A stay at the Wesselhoeft Water Cure cost $10 per week in the summer, and $11 in the winter. This covered all expenses except for laundry, but patients also needed to provide the following items, which could be rented or purchased:
- At least two good large woollen blankets.
- A feather bed, or three comforters.
- A sheet of coarse linen, which can be cut, or at least one piece of inch linen, six qrs. long, and six qrs. wide; also, pieces of linen, and cotton, for bandages.
- Two coarse cotton sheets.
- Six towels.
- One injection instrument.
In addition, Wesselhoeft’s description in The Water Cure in America advised that “Very sick, and helpless patients, for whom the ordinary attendance would not be sufficient, must hire a nurse, or waiter, who can be boarded at $2.50 per week.” Those who did not wish to stay at the establishment could stay at one of the nearby boarding houses for $3.50 to $5.00 per week, plus a $5.00 per week fee as a day guest at the water cure. However, these charges were advertised as being negotiable, with Dr. Wesselhoeft offering reduced rates for poor patients whenever possible.

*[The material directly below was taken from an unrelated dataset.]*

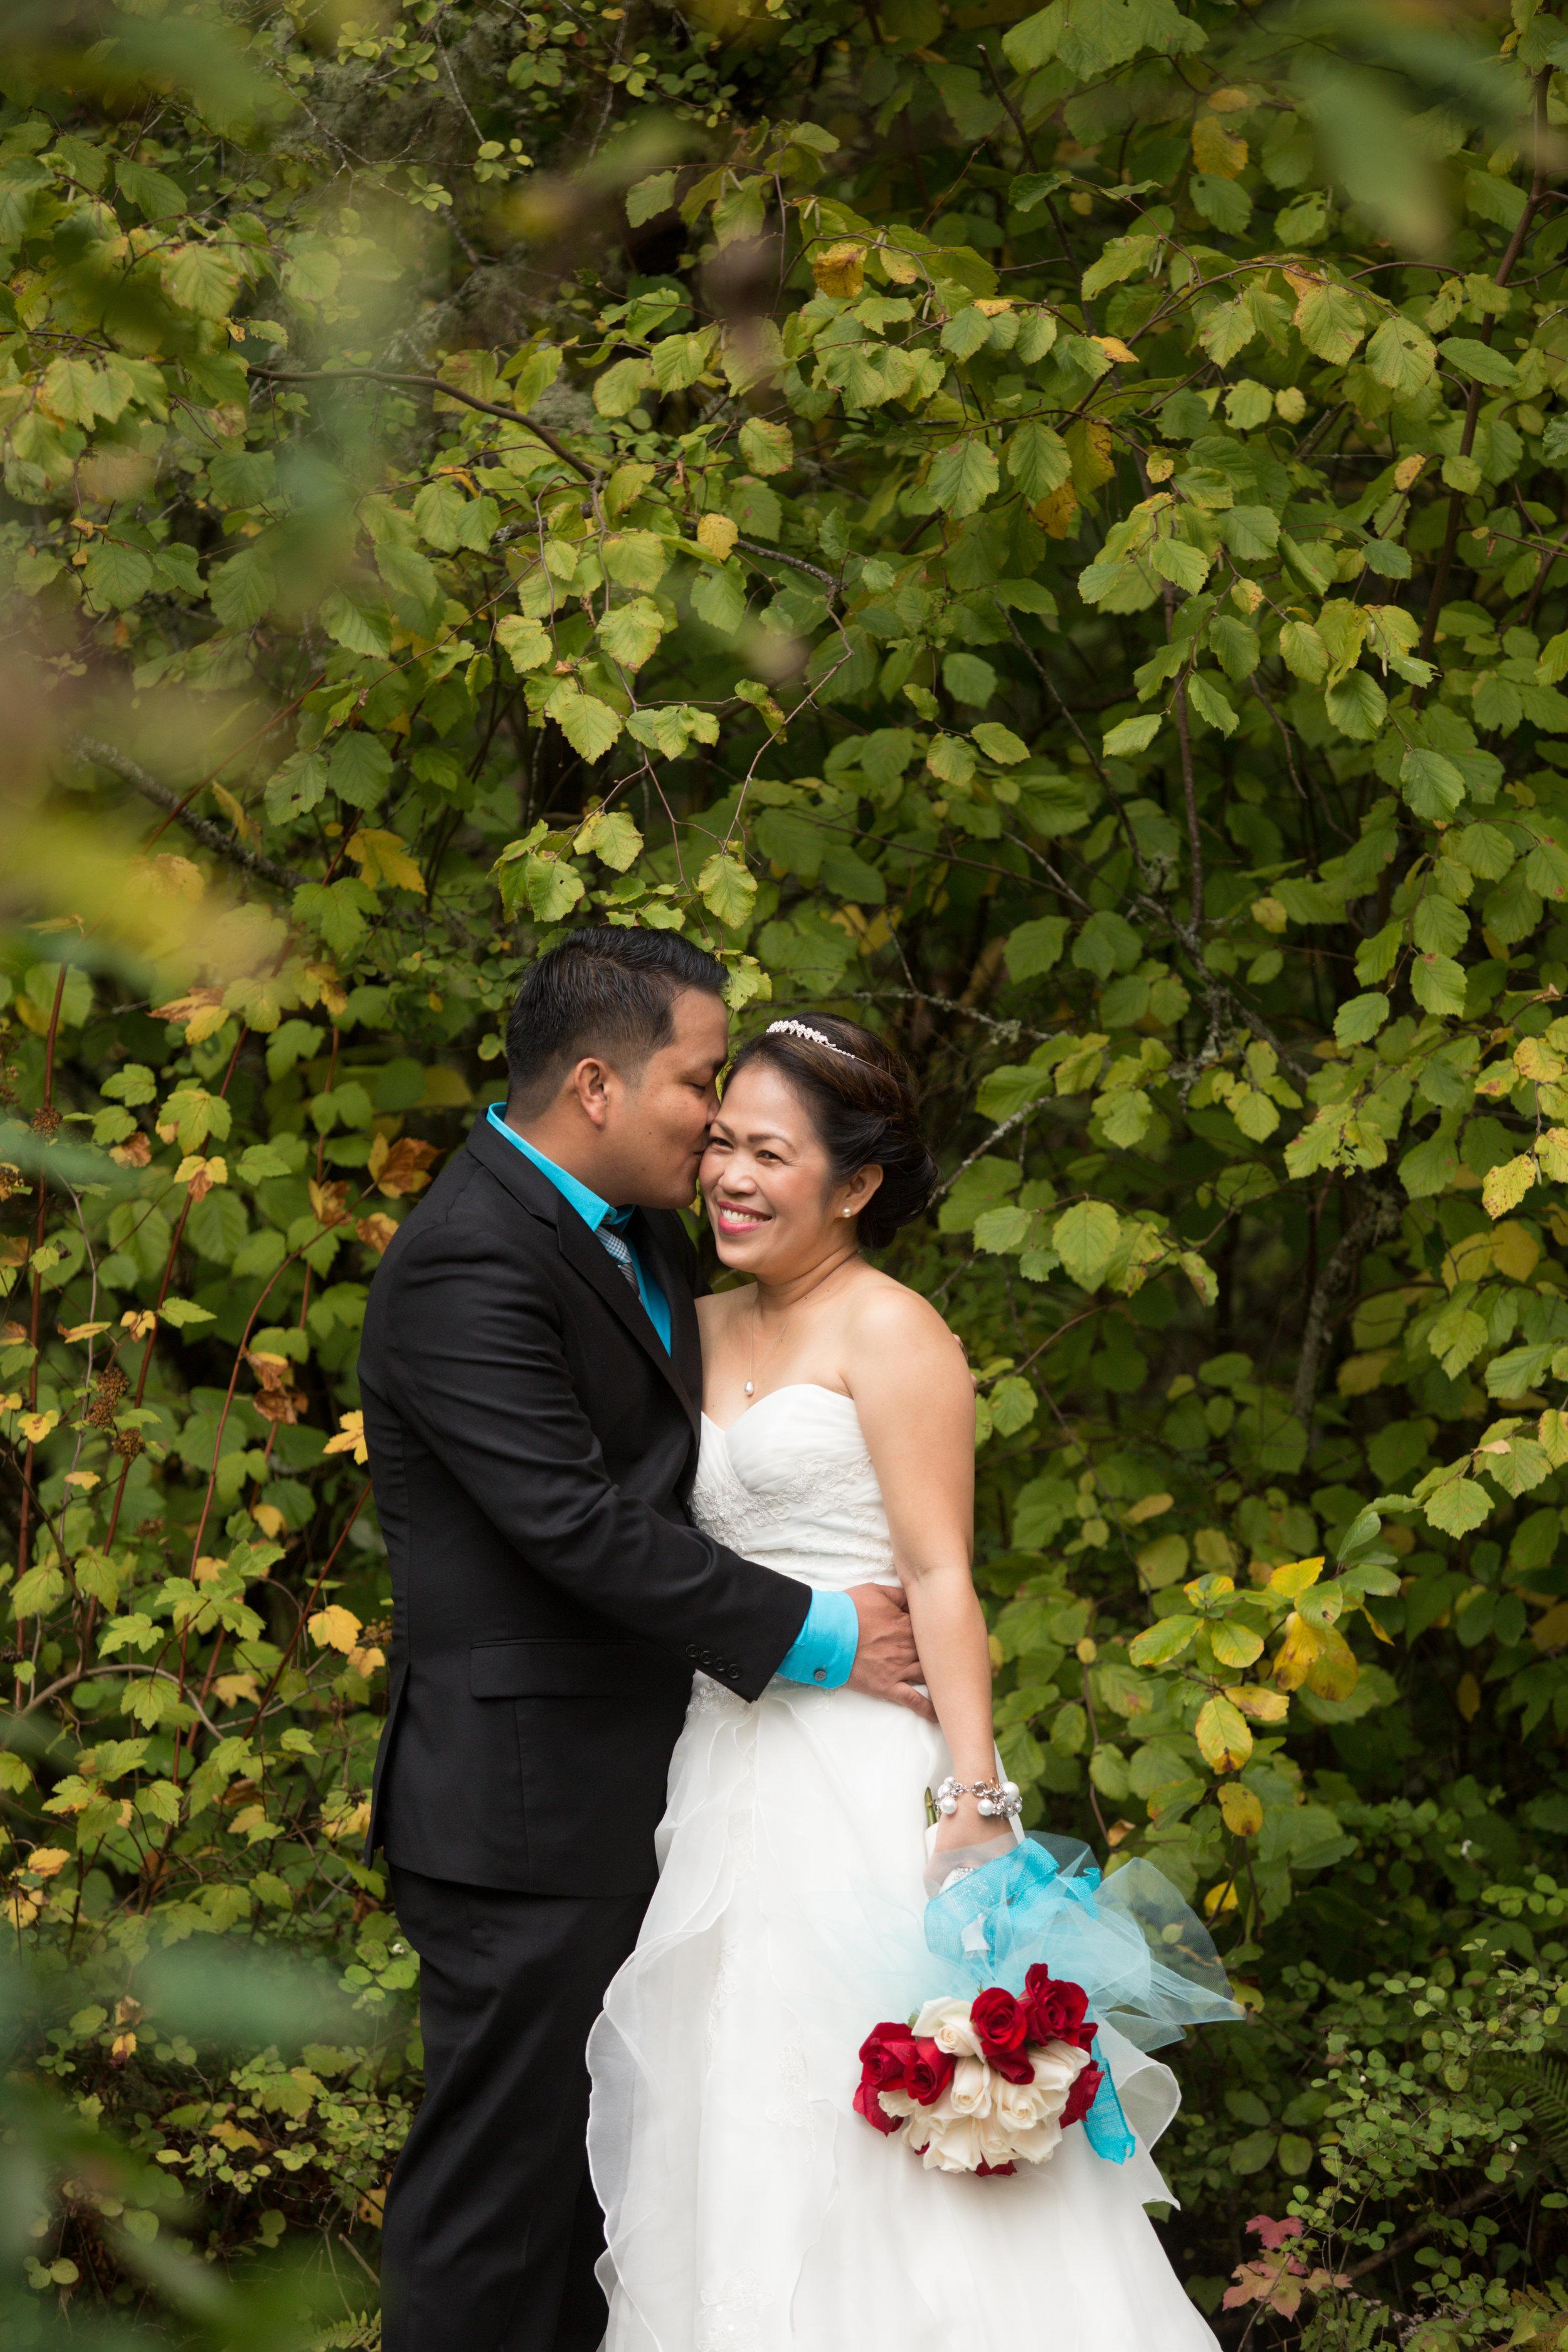 wedding_2015-10-17-48.jpg

During its heyday in the 1840s and early 1850s, the Wesselhoeft Water Cure attracted patients from around the country, including a number of prominent figures of the era. Former President Martin Van Buren was a patient here, along with poet Henry Wadsworth Longfellow, abolitionists Samuel Gridley Howe and Julia Ward Howe, and authors Richard Henry Dana, Francis Parkman and Harriet Beecher Stowe. The latter spent 11 months here in 1846 and 1847, several years before she achieved widespread fame as the author of Uncle Tom’s Cabin. Ironically, the same establishment that catered to so many prominent northern abolitionists was also popular among southerners in the antebellum era, and they comprised about a third of Wesselhoeft’s business.
Dr. Wesselhoeft returned to Germany in 1851, where he died the following year, but his widow Ferdinanda carried on the water cure even after his death. However, by this point it was in decline, and this would only get worse after the start of the Civil War in 1861, when southerners stopped traveling to the north. The first photo was probably taken around this time, and the water cure finally closed in 1871, after having been in business for just 26 years. The building, which had once attracted some of the most prominent Americans of the mid-19th century, was subsequently sold and converted into tenements. It remained here for some time afterward, but it was eventually demolished, and its former location is now the site of the current fire station.